Texas Supreme Court Allows Equitable Subrogation Claim v. Insurance Attorney:

Three Windows of Legal Malpractice Exposure Now Open for Defense Lawyers


The Texas Supreme Court has issued a significant legal malpractice opinion. The Court, in American Centennial Insurance Company v. Canal Insurance Company, _____ S.W.2d _____, 36 Tex. Sup.Ct.J 339 (December 16, 1992), found that an excess insurance carrier may bring an equitable subrogation action against defense counsel who was hired by the primary insurer to represent a common insured of the excess and primary carriers.

The opinion of the court was written by Justice Doggett, but a five-judge concurrence written by Justice Hecht was also issued. Justice Doggett's opinion reasons that defense counsel hired by an insurance company for an insured owes the insured absolute loyalty, as if the insured had originally employed the attorney. Equitable subrogation by an excess carrier who did not hire the attorney serves only to reinforce the existing duties that the attorney owes to his client, the insured, Justice Doggett goes on to note that the interests of an insurer and the insured are the same with respect to the expectations of competent representation by counsel, so no new or additional burdens are imposed upon the attorney just because the excess carrier can bring suit against the attorney.

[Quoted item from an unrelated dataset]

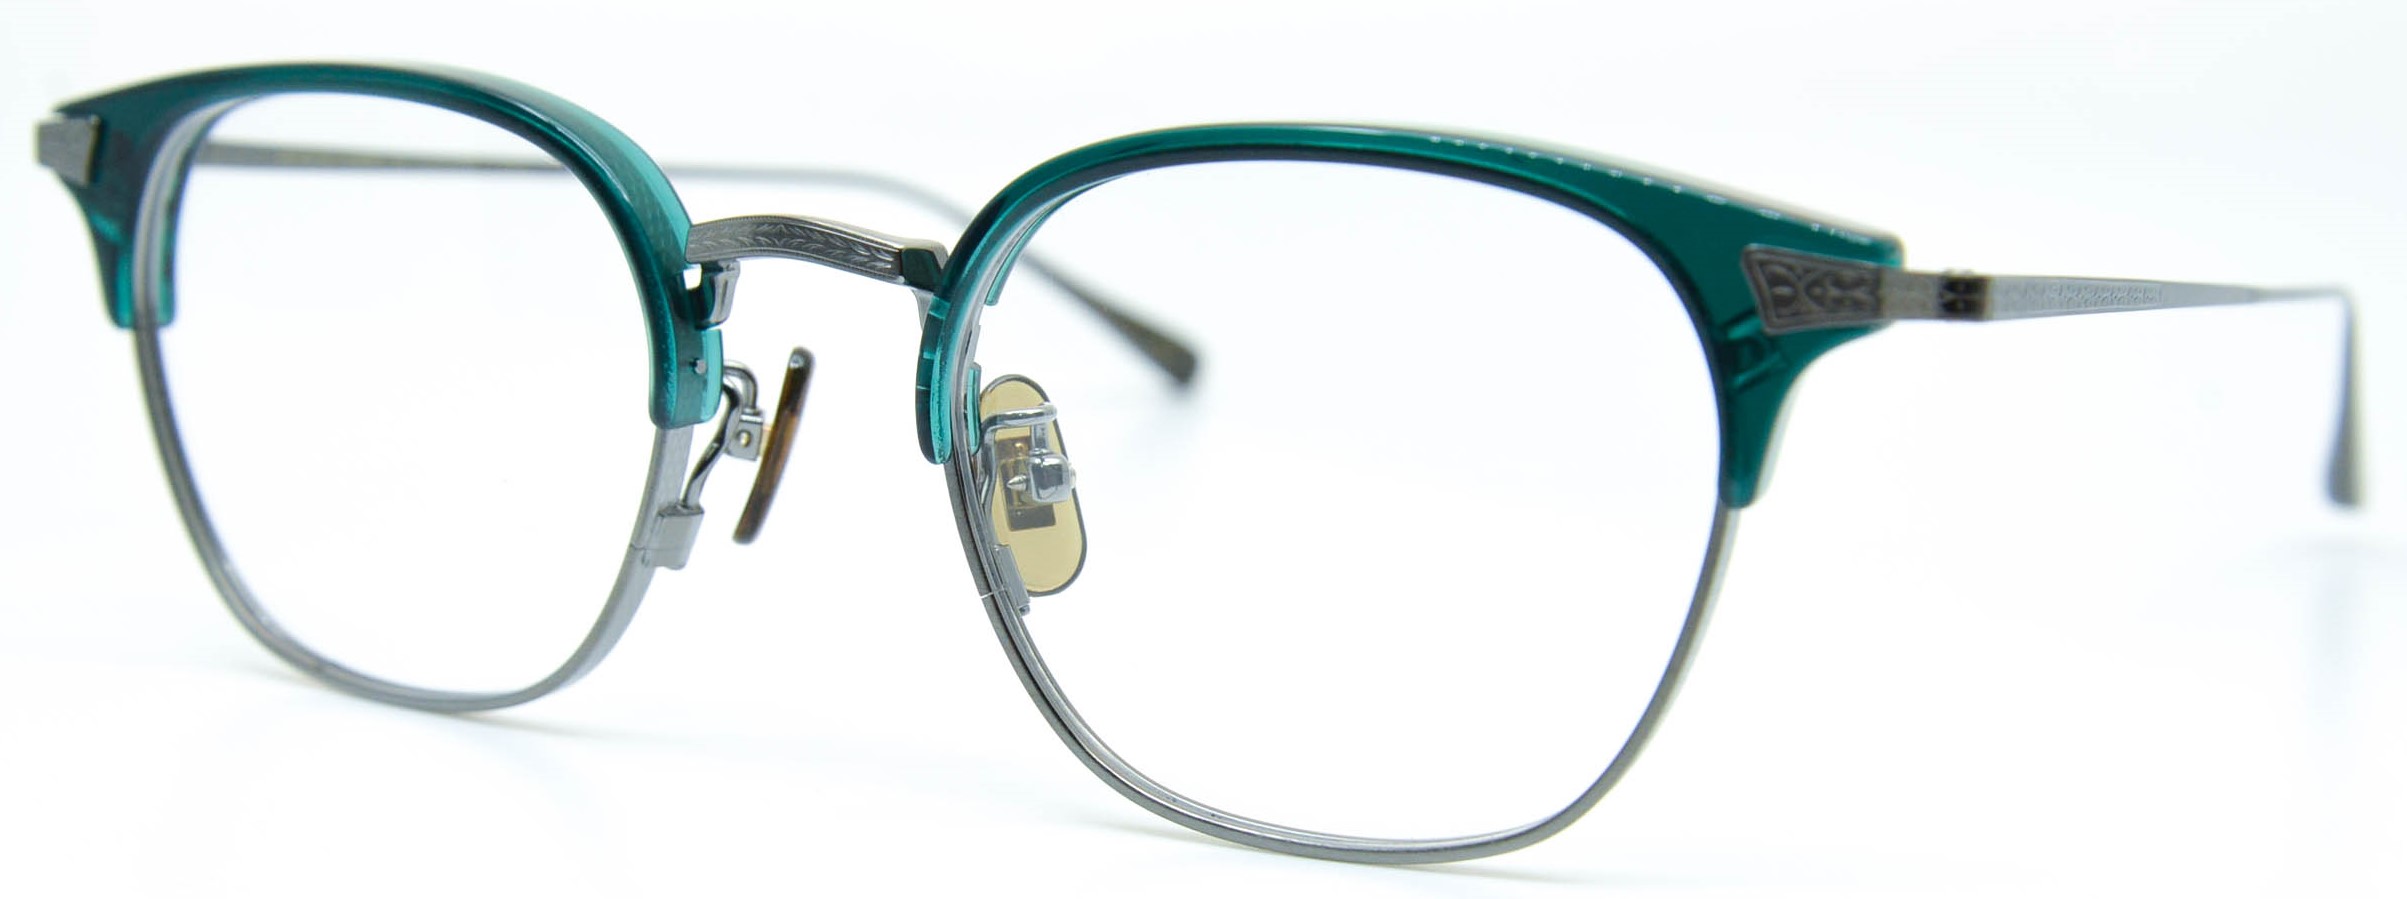 眼鏡のカラータイプC-5 Green/Gray

Justice Hecht's concurrence addresses several practical issues which could arise in litigation of the excess carrier's equitable subrogation claim. He makes clear that the extent of the subrogation is limited to the insured's rights against the attorney for negligent handling of the case. The attorney would have defenses available such as the excess carrier's unreasonable refusal to cooperate in defense and settlement of the case. Justice Hecht's opinion also makes clear that the court is not suggesting that a client's rights against his attorney may be assigned to a third-party.

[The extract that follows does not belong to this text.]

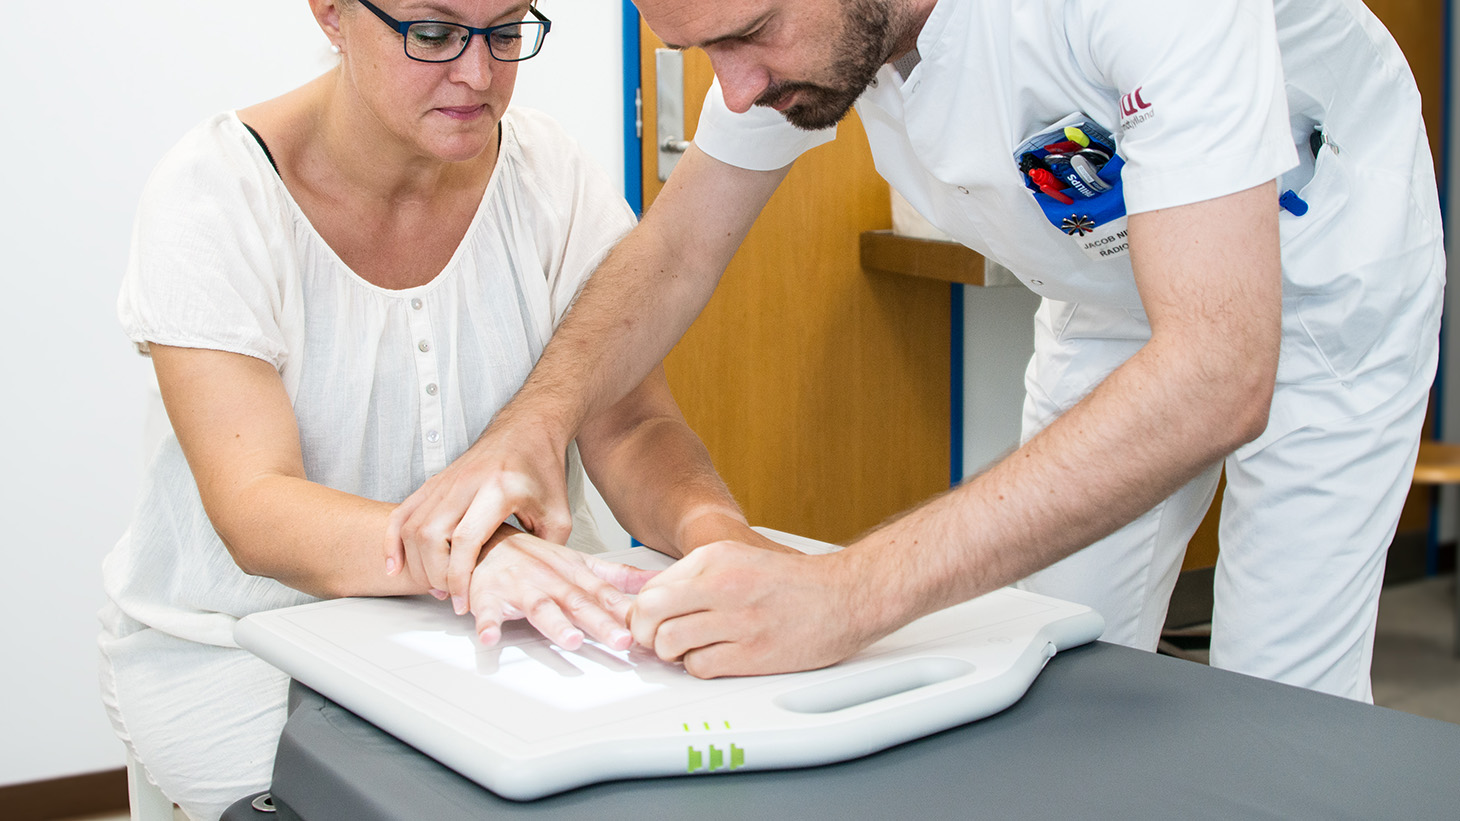 Medarbejder justerer kvindes hånd for at kunne tage et røntgenbillede

Attorneys engaged in insurance defense work should take note of the American Centennial opinion. The opinion does not change an attorney's duties with respect to his client, the primary carrier, or an excess carrier, but the case does raise the question of what is proper attorney conduct toward an excess carrier who is not paying for defense.

Defense counsel now must be wary about passively accepting any limitation on defense strategy imposed by the primary carrier. For example, if the primary layer of insurance has a $100,000 limit and there is an excess insurance policy for $1 million, defense counsel should make defense recommendations as if there were $1.1 million coverage. If the primary carrier in such a situation instructs the attorney not to take depositions, not to hire an expert, or not do anything the attorney believes is necessary and reasonable to defend the case in light of the excess coverage available, the attorney should probably oppose such a restriction. It might be a good idea for the attorney to tell the excess carrier of the proposed restriction, and to request funding for an adequate defense from the excess carrier. Such actions will probably not endear a defense attorney to insurance carriers, but such actions may be required for the attorney to protect himself or herself from a later suit by the excess carrier.

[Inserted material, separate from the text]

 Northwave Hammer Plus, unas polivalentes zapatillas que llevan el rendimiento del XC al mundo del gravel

As a general rule, if the attorney is aware of excess coverage, he should advise his client to notify the excess carrier. If the excess carrier requests reports, or if the excess policy requires reports, the attorney should provide them if the client/insured consents. If the attorney believes that the excess carrier's participation would facilitate appropriate resolution of a claim, it would be prudent for the attorney to request such participation in order to secure his client's rights under the excess policy. None of these suggestions, it should be noted, require the attorney to act as counsel for the excess carrier.

The attorney is still counsel for his client, the insured, only. The attorney's efforts should go into securing for the client whatever coverage is available under the excess policy.